#### TASK DETAILS:
Only an exact repeat of the listing, without its images, counts as the answer.

#### COLLECTED DATA:
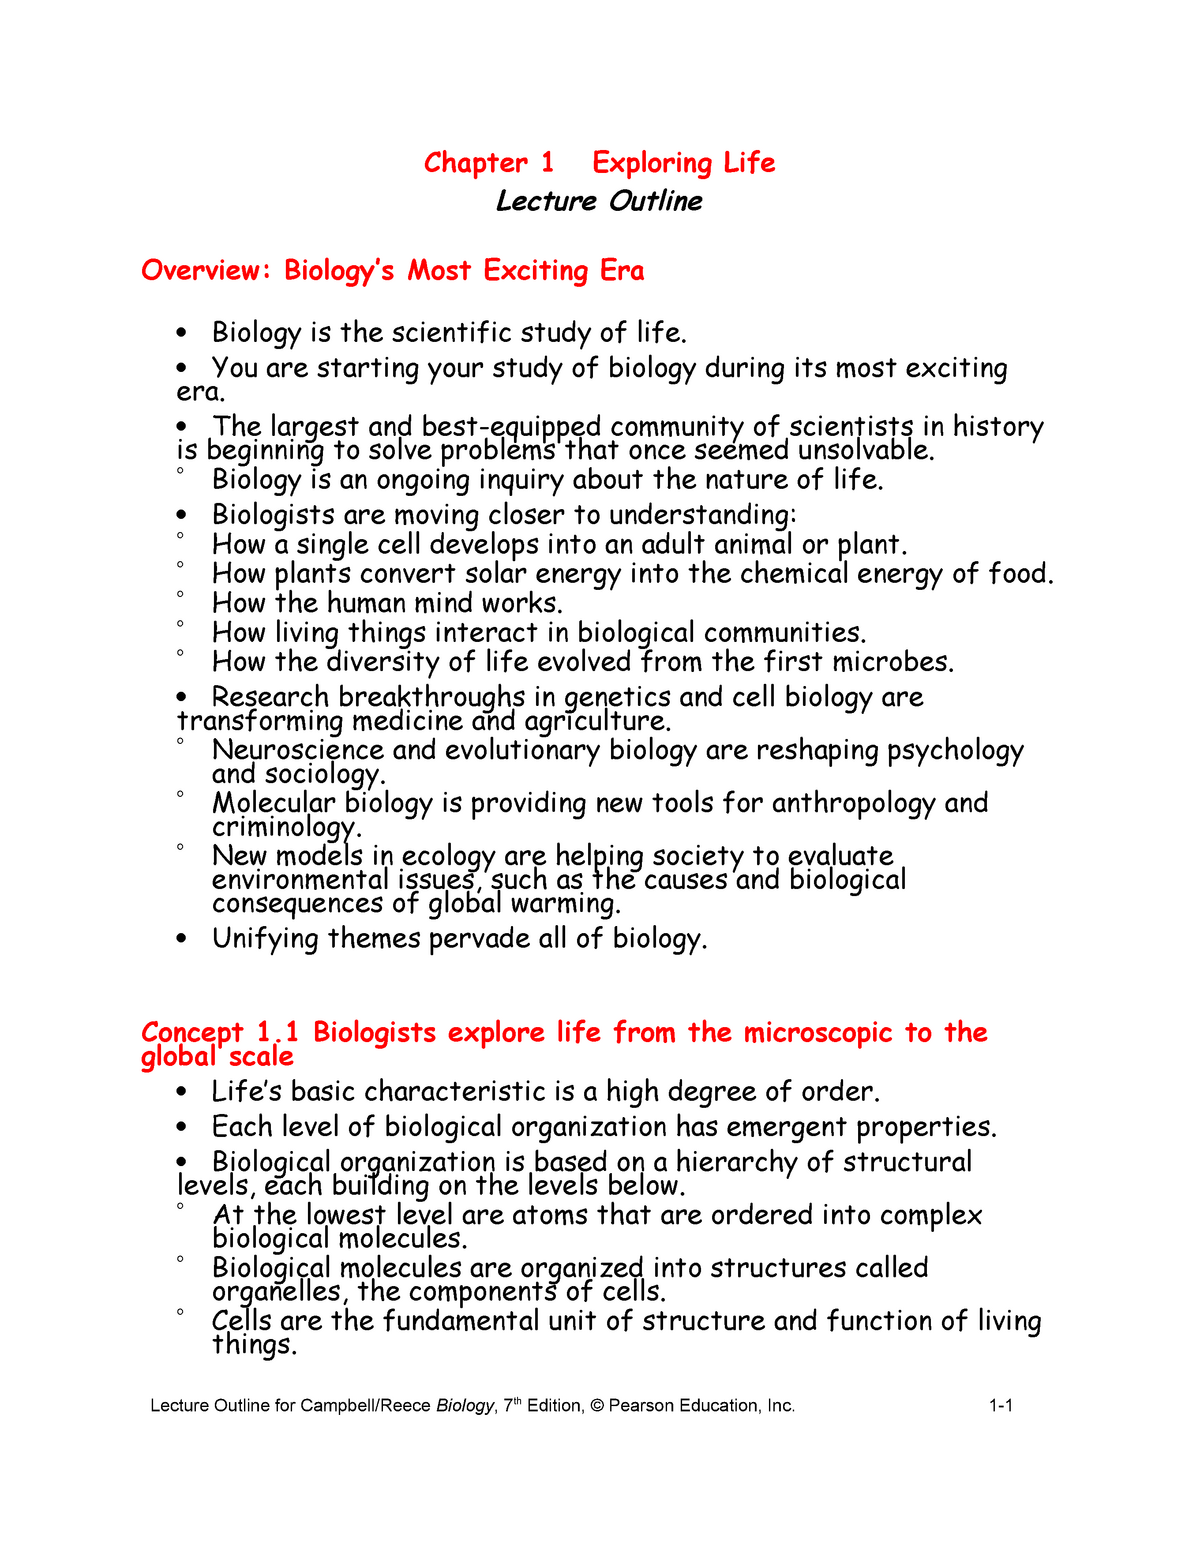 Essentialsofsociologyadown toearthapproach11e-jamesm-.
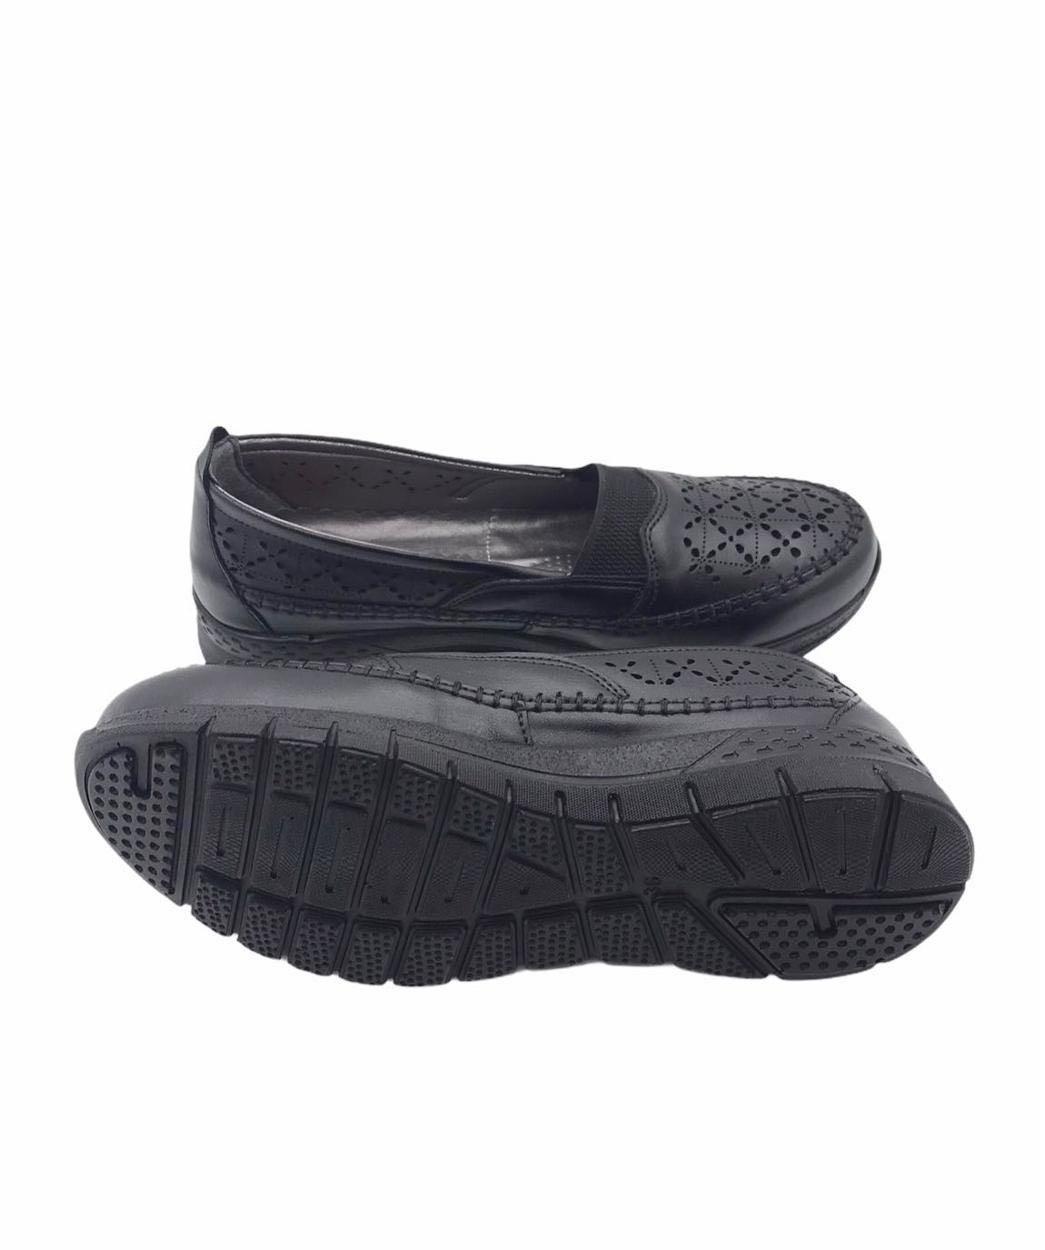 Muya Oxford/Loafer
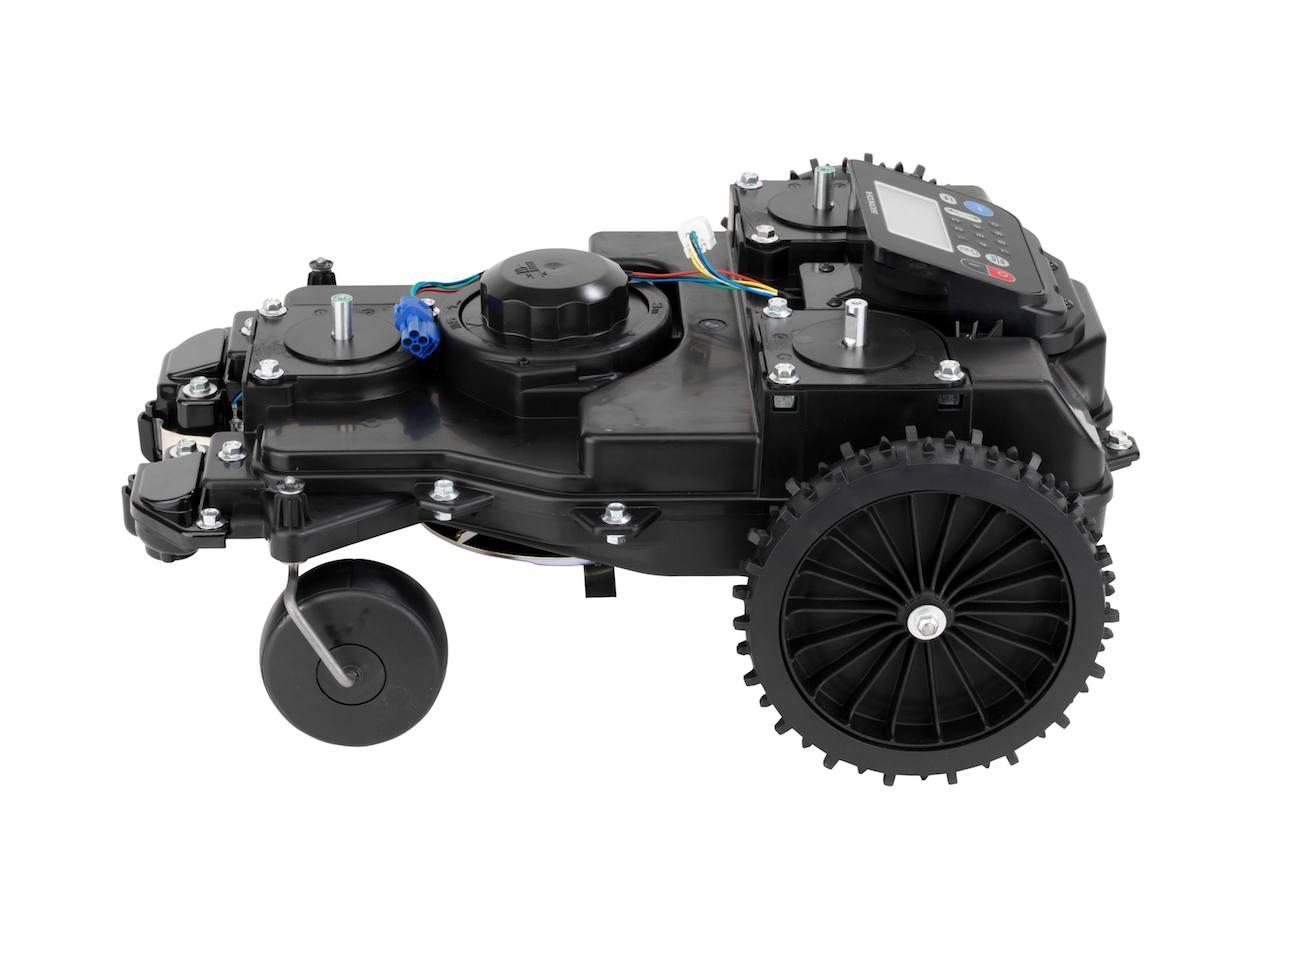 Miimo Robotic Lawn Mower 187 Gadget Flow

#### SOLUTION:
 Essentialsofsociologyadown toearthapproach11e-jamesm-.
 Muya Oxford/Loafer
 Miimo Robotic Lawn Mower 187 Gadget Flow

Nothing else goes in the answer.